When Lily’s nomadic instinct leads her to drive her van (her home, actually) up a steep driveway off a narrow lane to the rundown Motthoe mansion and gardens, she finds Harry. He is trying to build a birdhouse – the latest in his efforts to stave off the inevitable decline and (literal) rot of the property that he inherited responsibility for (the burden of?) less than a year before.
Lingering memories of happy times as a child and a very deep, very English, sense of responsibility to the few locals still employed on the property, keep Harry from selling up and moving on. While Lily, almost exactly the opposite, is always moving on – fixing up messy gardens until the owners can care for them themselves, and driving off again to find the next garden to love temporarily.
So Lily meets Harry and they fall in love? Not quite. Harry does fall under Lily’s spell right away (Everyone does.) on account of her ethereal beauty, expertise on all things garden, and captivating air of utter independence. But Harry’s a romantic, a dreamer, always falling in and out of love. Never with Irene, though – competent, loyal, unrequited-in-love Irene –as she works on Harry’s latest business idea by day, and is tied up with caring for her querulous, maybe-not-all-that-sick mother in the village, the rest of the time. Irene is immediately jealous.
But Lily has a way about her, though. Seemingly without trying, she draws out shy people, cheers up sad ones, soothes the overwrought. Before long, Irene and Lily are sharing cups of tea in Lily’s little cozy cottage near the gardens.
And. before long, it’s not just Irene, and it’s not just the gardens shaping up and becoming productive. The disparate lives of the people living or working on the estate start to come together. But Harry, despite his cautious optimism, is worried. He knows Lily doesn’t stay anywhere long. Plus, there’s something in her past – something troubling – under those still waters of hers.

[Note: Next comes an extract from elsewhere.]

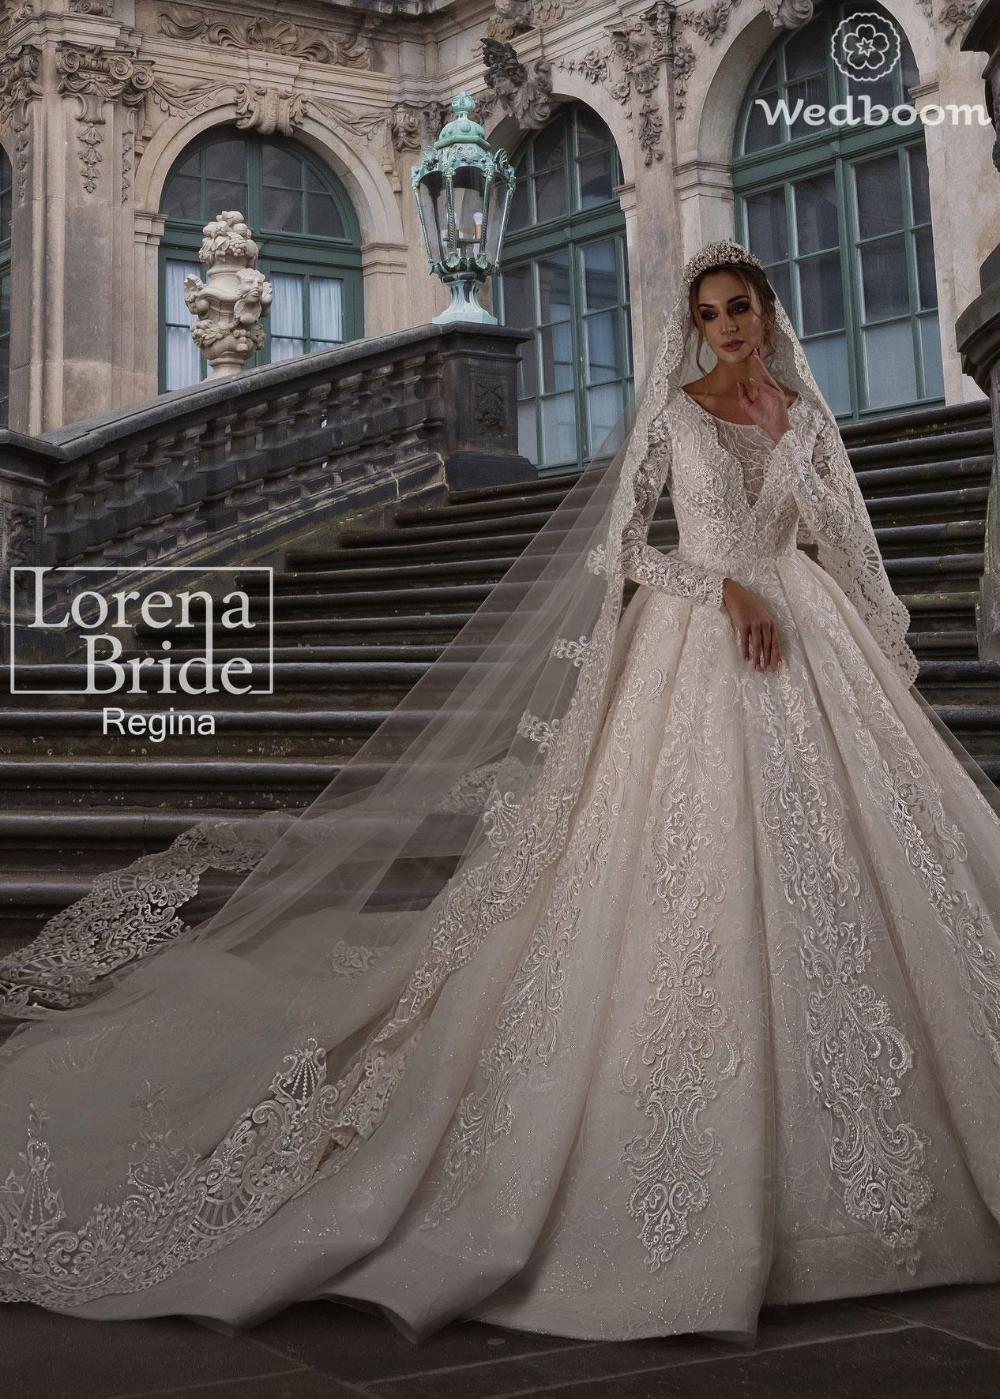 Wedding Dress Lorena Bride Regina Wedboom Eu Online Store In 2020 Wedding Dresses High Neck Wedding Dress Dresses
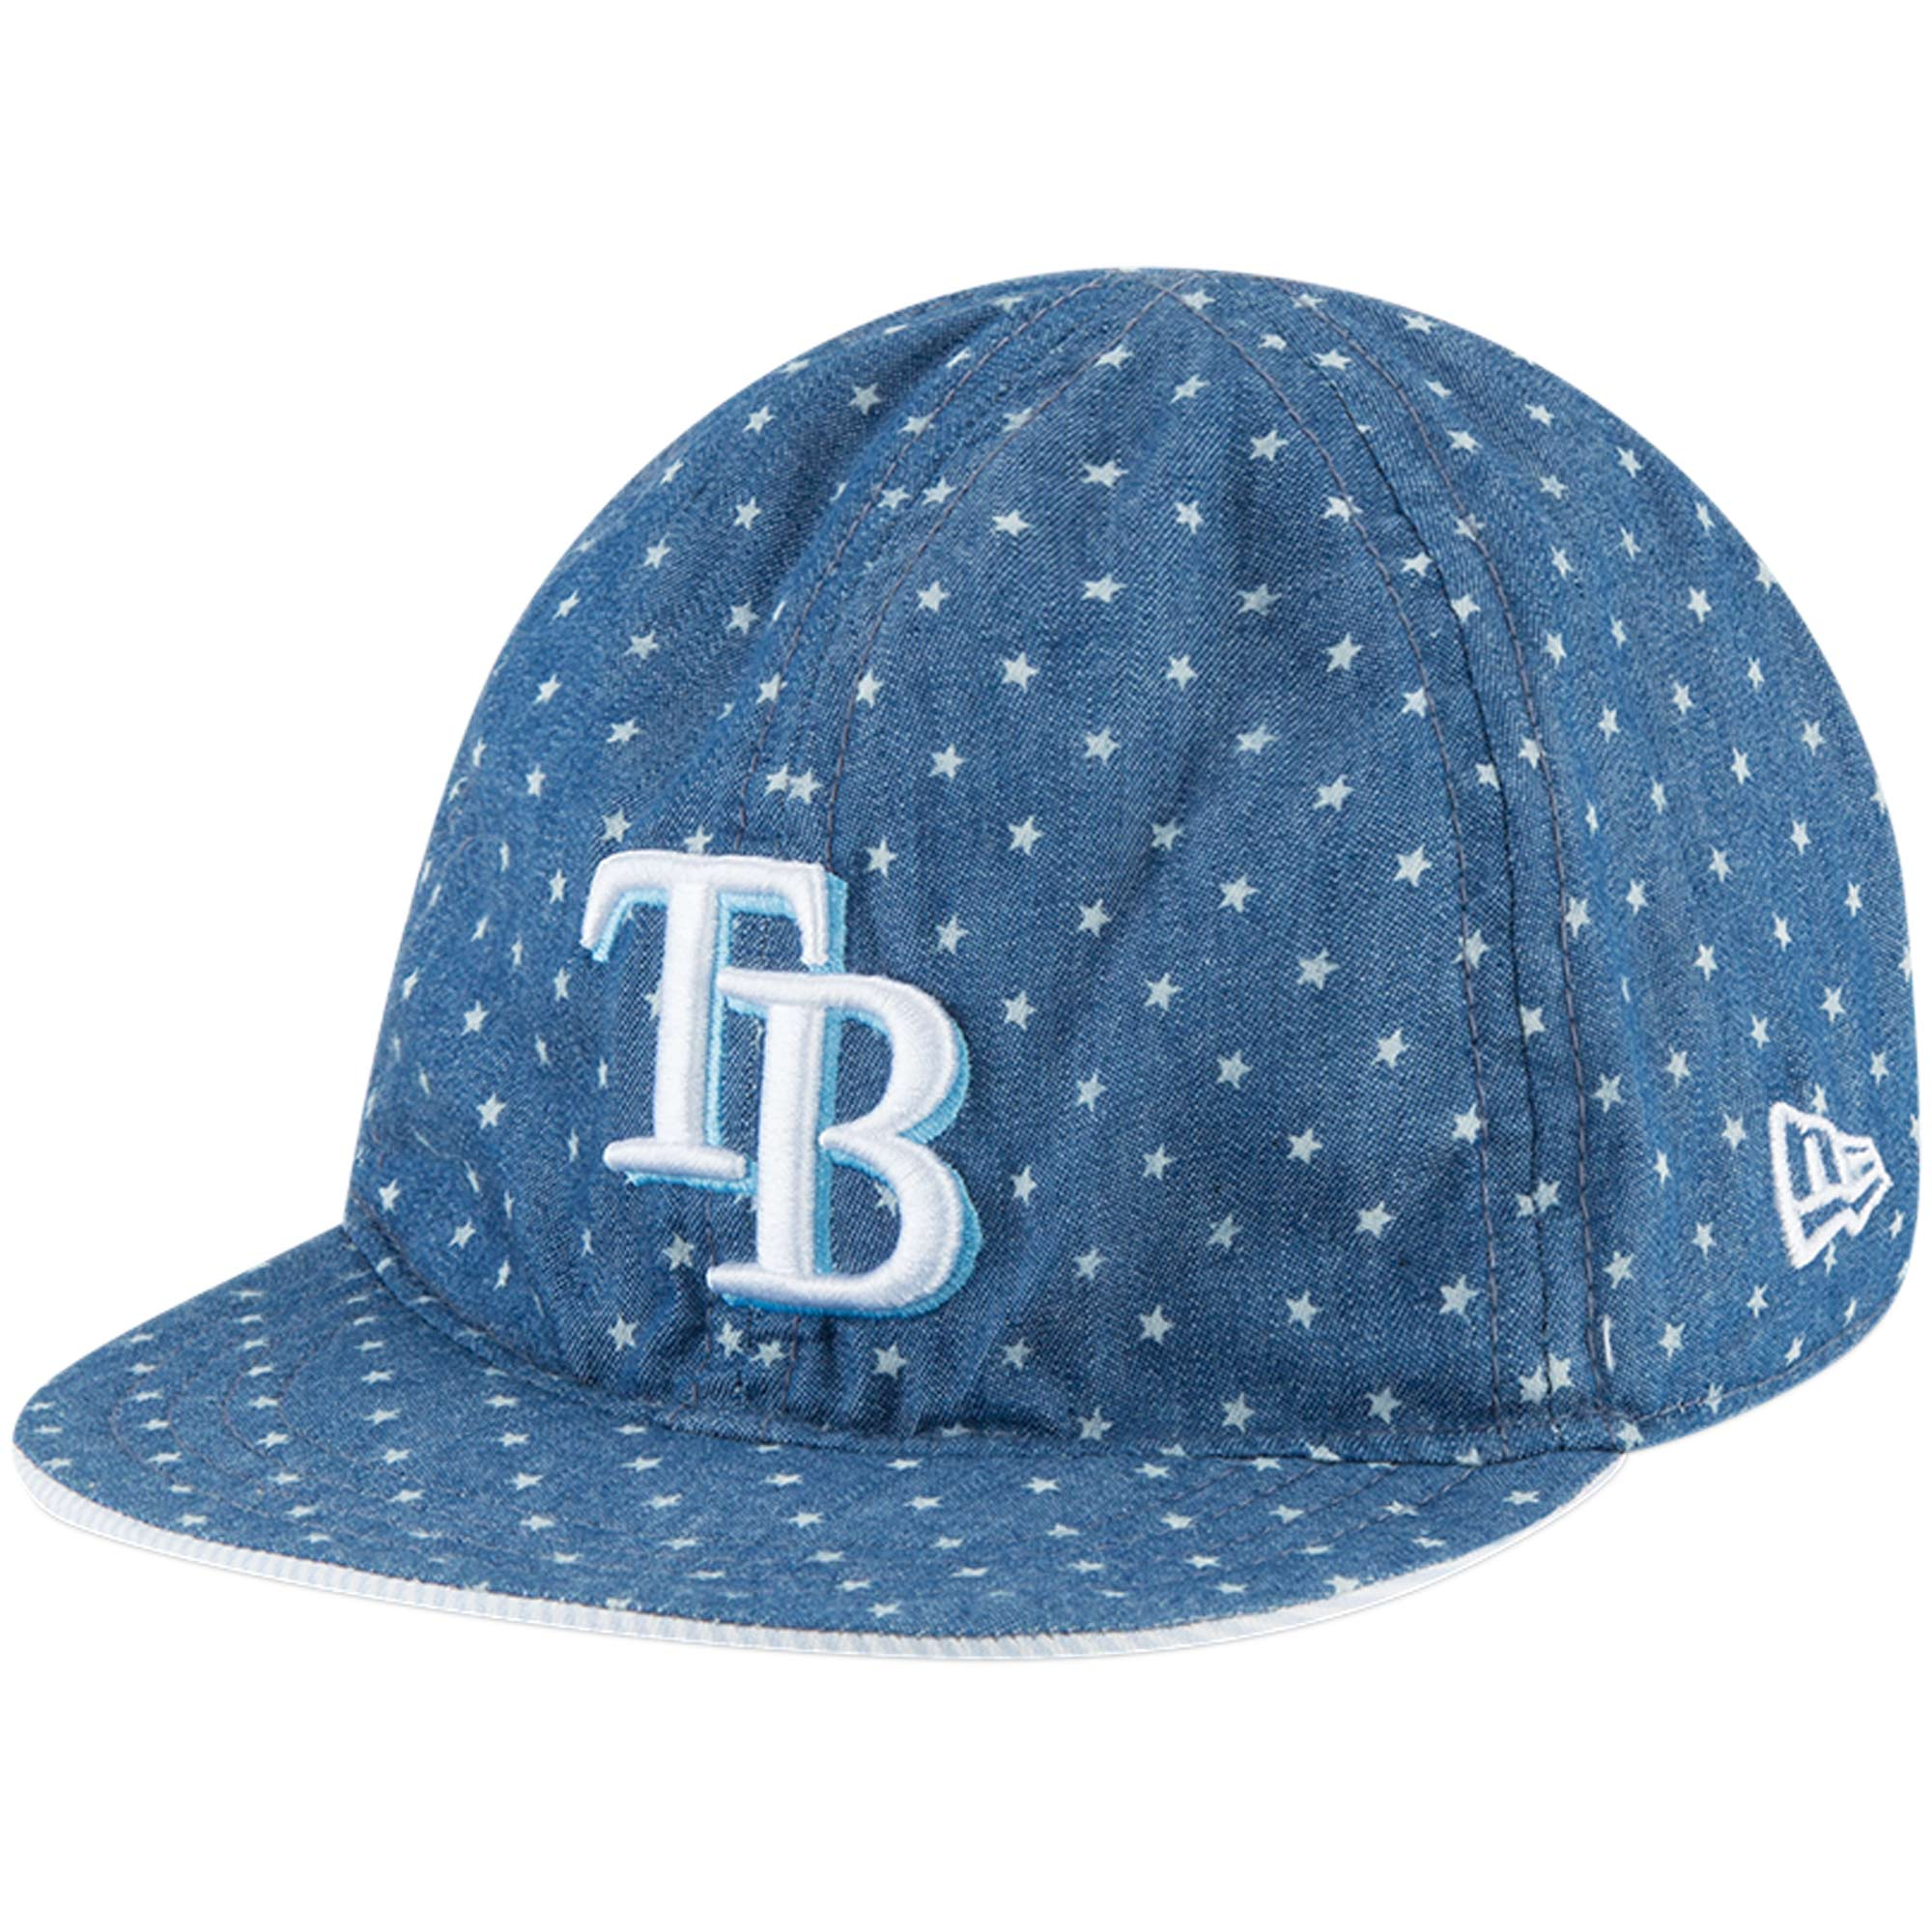 Tampa Bay Rays New Era Infant Flip 9TWENTY Adjustable Hat - Denim/White - OSFA

If you, like me, enjoy novels with quirky (usually vaguely dissatisfied) characters struggling alone with their problems before they eventually connect, Lily the Tiller is for you. Think Rachel Joyce, Gill Hornby, Phaedra Patrick, Felicity Hayes McCoy, Frederick Backman Katarina Bivald, etc.
Lily the Tiller is a feel-good story that with an edge to it like a good pair of garden shears – It never gets too sweetly sentimental. (Are English garden shears sharper than American ones? Quite possibly?)
But you don’t have to love gardening to love Lily the Tiller. Reading it, you can enjoy that comforting feeling of digging your hands into rich soil to see what will grow, without even getting your hands dirty.
Deborah McKinlay is the author of two previous novels, The View from Here and That Part Was True, which I reviewed here.
Disclaimer: I received a free review copy of Lily the Tiller from the publisher.
this sounds like a comforting sort of book! i’ve never heard of any of those writers. i guess they are american?